На пороге стояла Клементина; Реми выпрямился — руки у него были грязные, челка упала на глаза. Клементина медленно прошла по кухне.
— Это что же, теперь ты у нас плиту разжигаешь? Ну и дела!
Она подошла к юноше, подняла ему челку со лба, заглянула в мутные глаза, перевела взгляд на бутылку и бокалы.

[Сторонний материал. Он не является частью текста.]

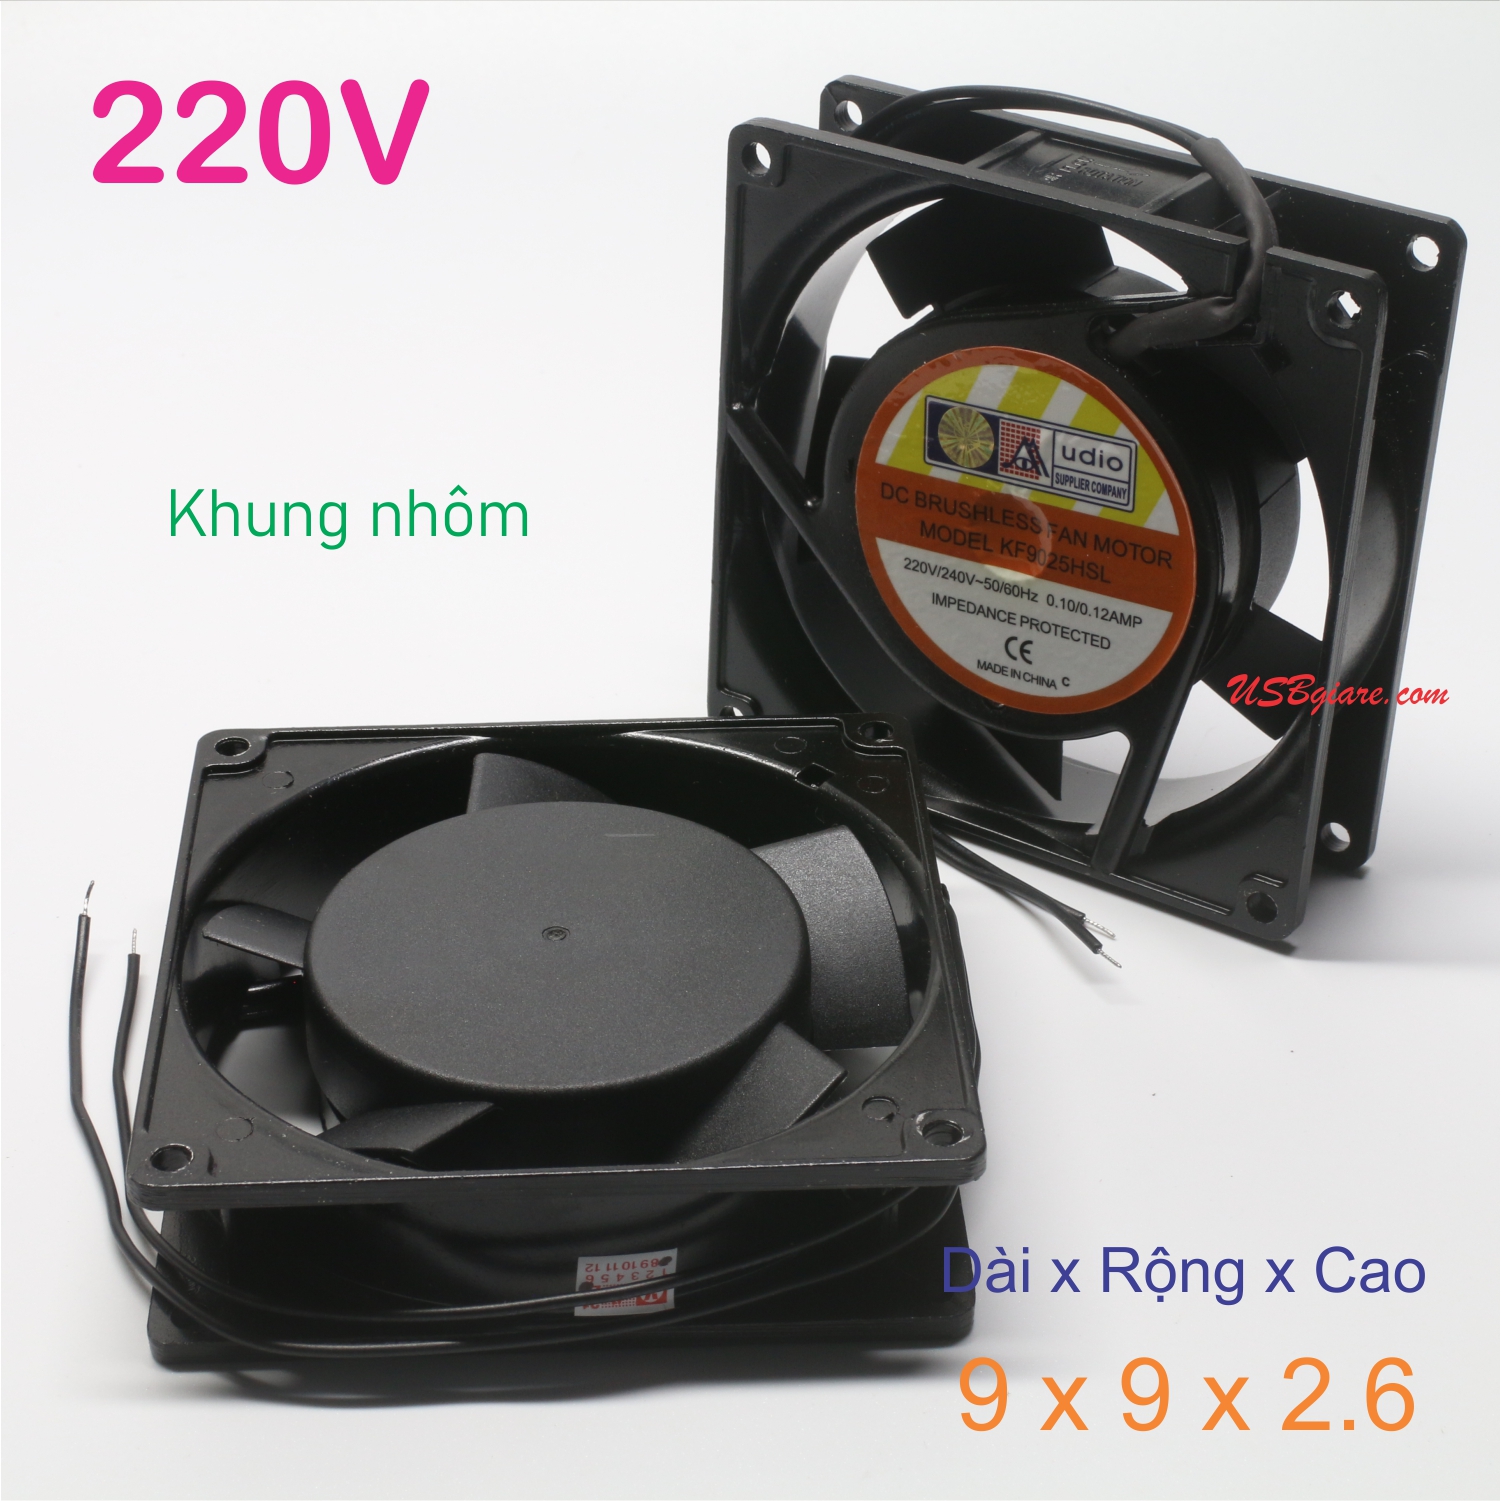 Quạt tản nhiệt 220V 9x9x2.6cm, Fan 220V 9x9x2.6cm (khung nhôm)【USBgiare,Com】

— Иди прогуляйся. Тебе здесь нечего делать.
— Я тоже имею право…
— Иди проветрись.
Клементина, завладев его руками, вытерла их о подол своего фартука, а затем вытолкнула Реми во двор и захлопнула дверь. Вскоре он услыхал голоса обеих женщин — те спорили о молоке, о вине, о плите — обо всем. Из дровяного сарая доносились размеренные глухие удары: дядя Робер орудовал топором. Автомобиль с открытыми дверцами все еще стоял у крыльца. Все вокруг осветилось внезапно погрустневшим светом, и жизнь стала похожа на неудавшийся праздник. Реми спрашивал себя: где же его место, его настоящее место? Что он такое для Раймонды? Средство заработка… Все-таки тридцать тысяч франков в месяц. У нее это чуть было не вырвалось. Что ж тут такого? Разве зарабатывать — не естественно? А не вообразил ли он случайно, что кто-то готов полюбить его лишь потому, что его постигли какие-то… особые несчастья? И разве они бывают особенными? Разве его — его собственные — несчастья не были в какой-то мере добровольными?